En este contexto, la intervención del Rey Felipe VI en Egipto cobra un peso simbólico relevante. Tras reunirse con el presidente Al Sisi, el monarca español reiteró su apoyo a la creación de un Estado palestino viable con Gaza, Cisjordania y Jerusalén Este como capital, al tiempo que denunció el “brutal sufrimiento” de la población civil y agradeció la mediación de El Cairo. Su mensaje es una llamada a la diplomacia en un momento en que las posiciones parecen encalladas en la lógica de la fuerza.
España, sin embargo, vive el conflicto también en clave interna.
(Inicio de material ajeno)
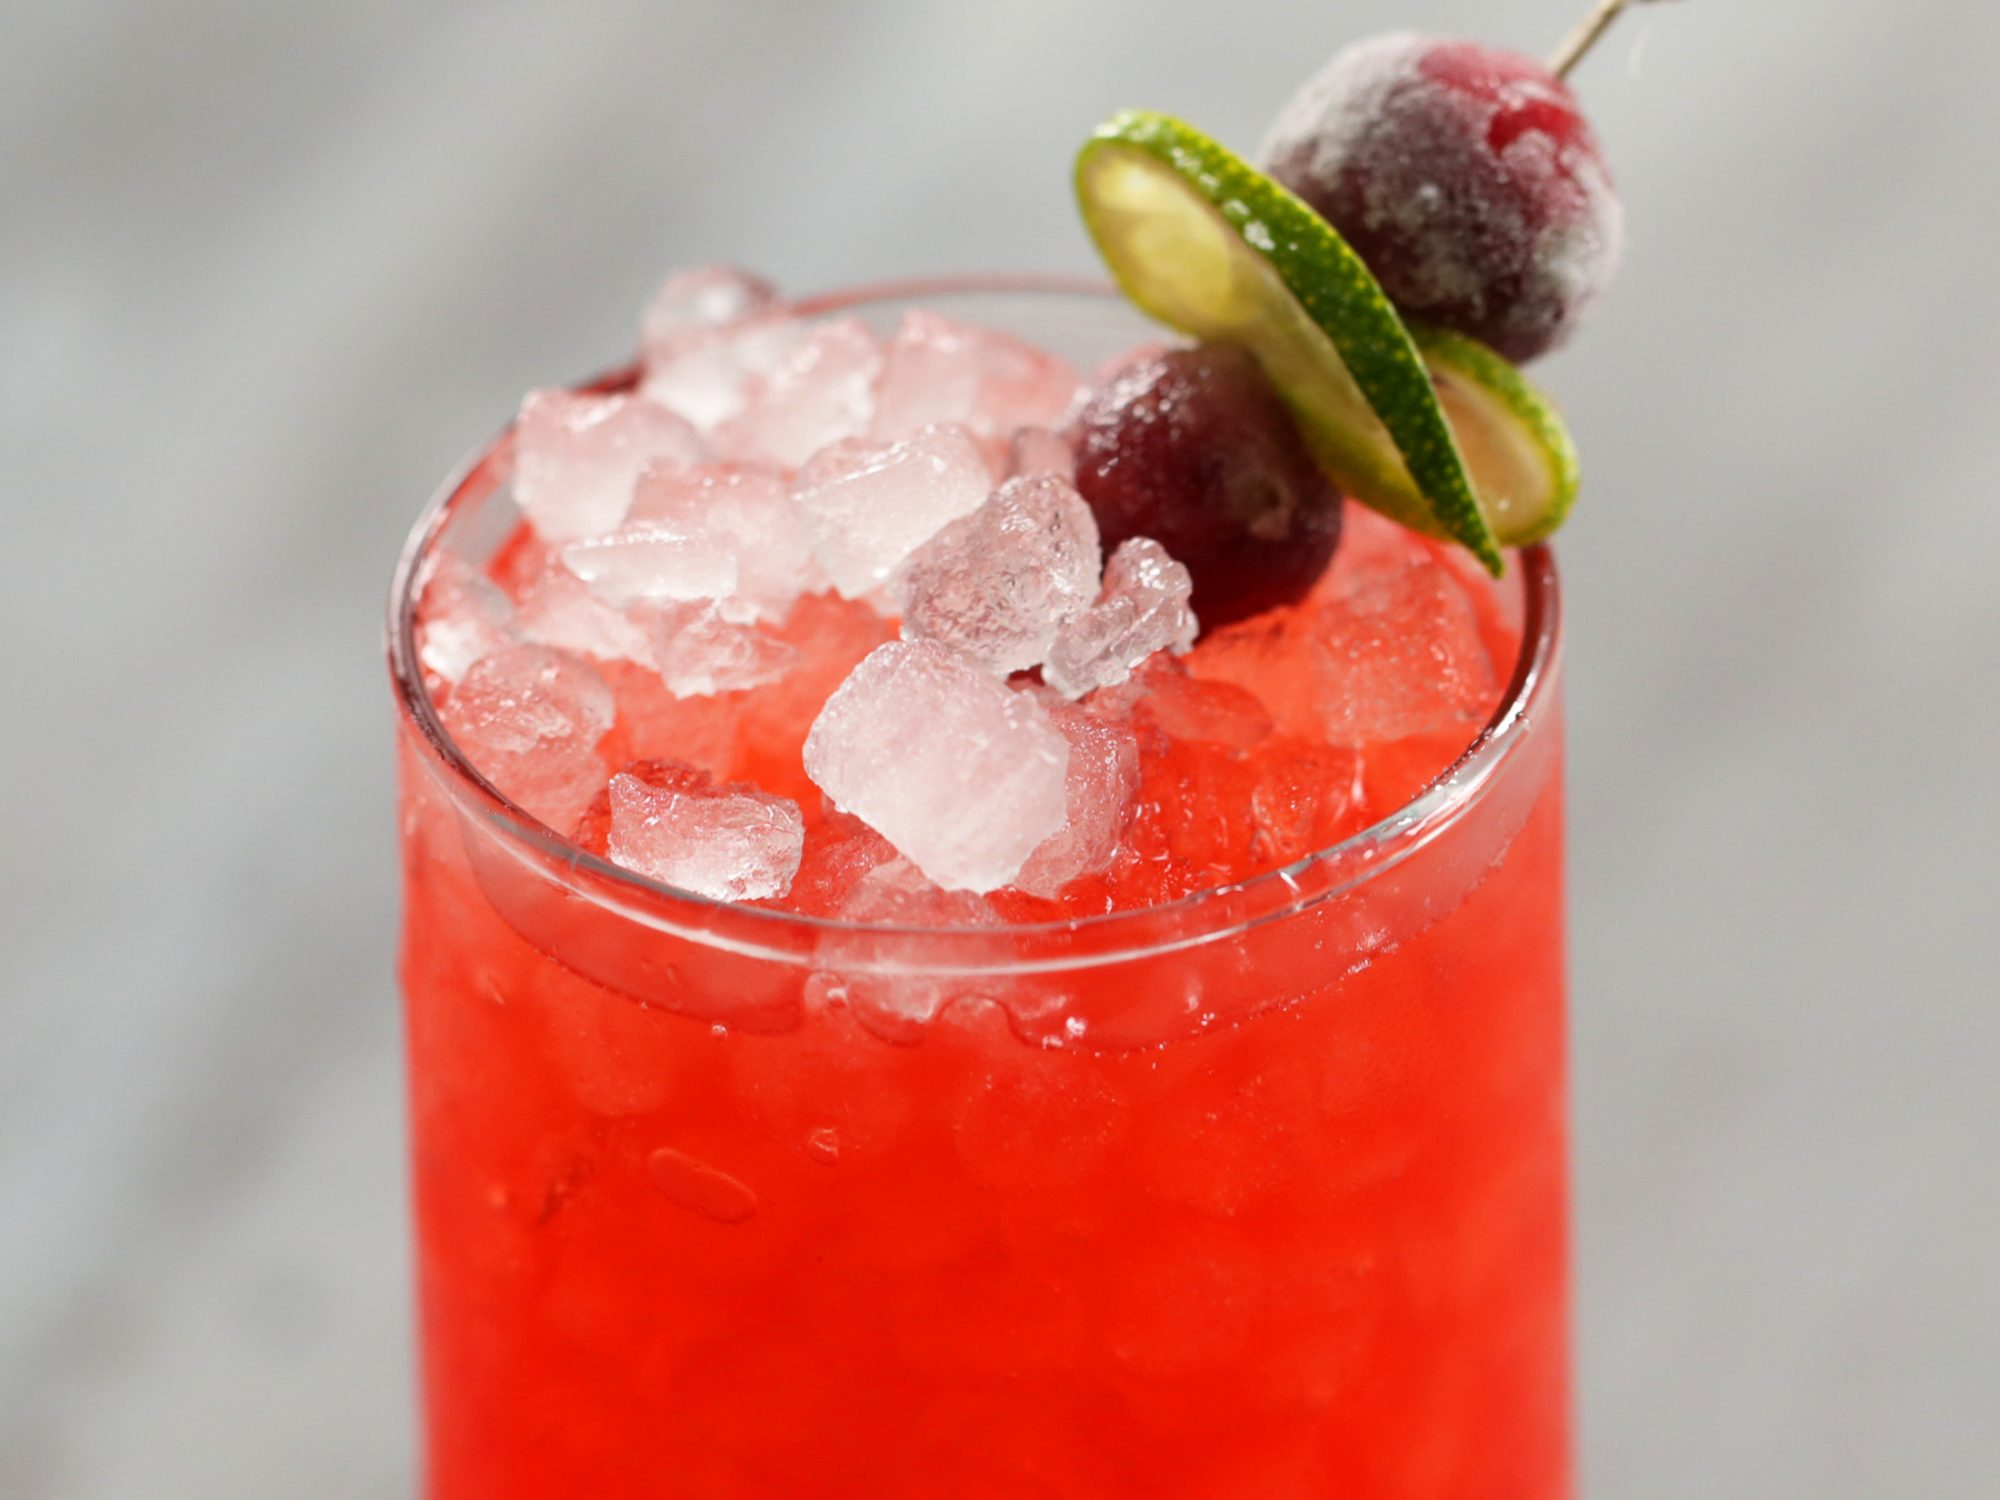 Cranberry-Limeade Spritzer image

La presidenta madrileña, Isabel Díaz Ayuso, ha prohibido las banderas palestinas y las muestras de apoyo a Gaza en colegios públicos, alegando que se trata de un tema político impropio del ámbito educativo. Paradójicamente, su Ejecutivo sí alentó la solidaridad con Ucrania en las aulas. Esta doble vara de medir revela hasta qué punto la guerra en Gaza se ha convertido en un campo de batalla cultural dentro de España.
Feijóo endurece su discurso contra Netanyahu
En paralelo, Alberto Núñez Feijóo, presidente del PP, ha endurecido el tono contra Netanyahu, aunque no ha perdido la ocasión de acusar a Pedro Sánchez de utilizar la crisis internacional como “cortina de humo” frente a sus problemas domésticos. El líder del PP mantiene así una estrategia de equilibrio: criticar con dureza al Gobierno israelí, pero no dejar de enmarcar la política exterior en la pugna interna con el Ejecutivo socialista.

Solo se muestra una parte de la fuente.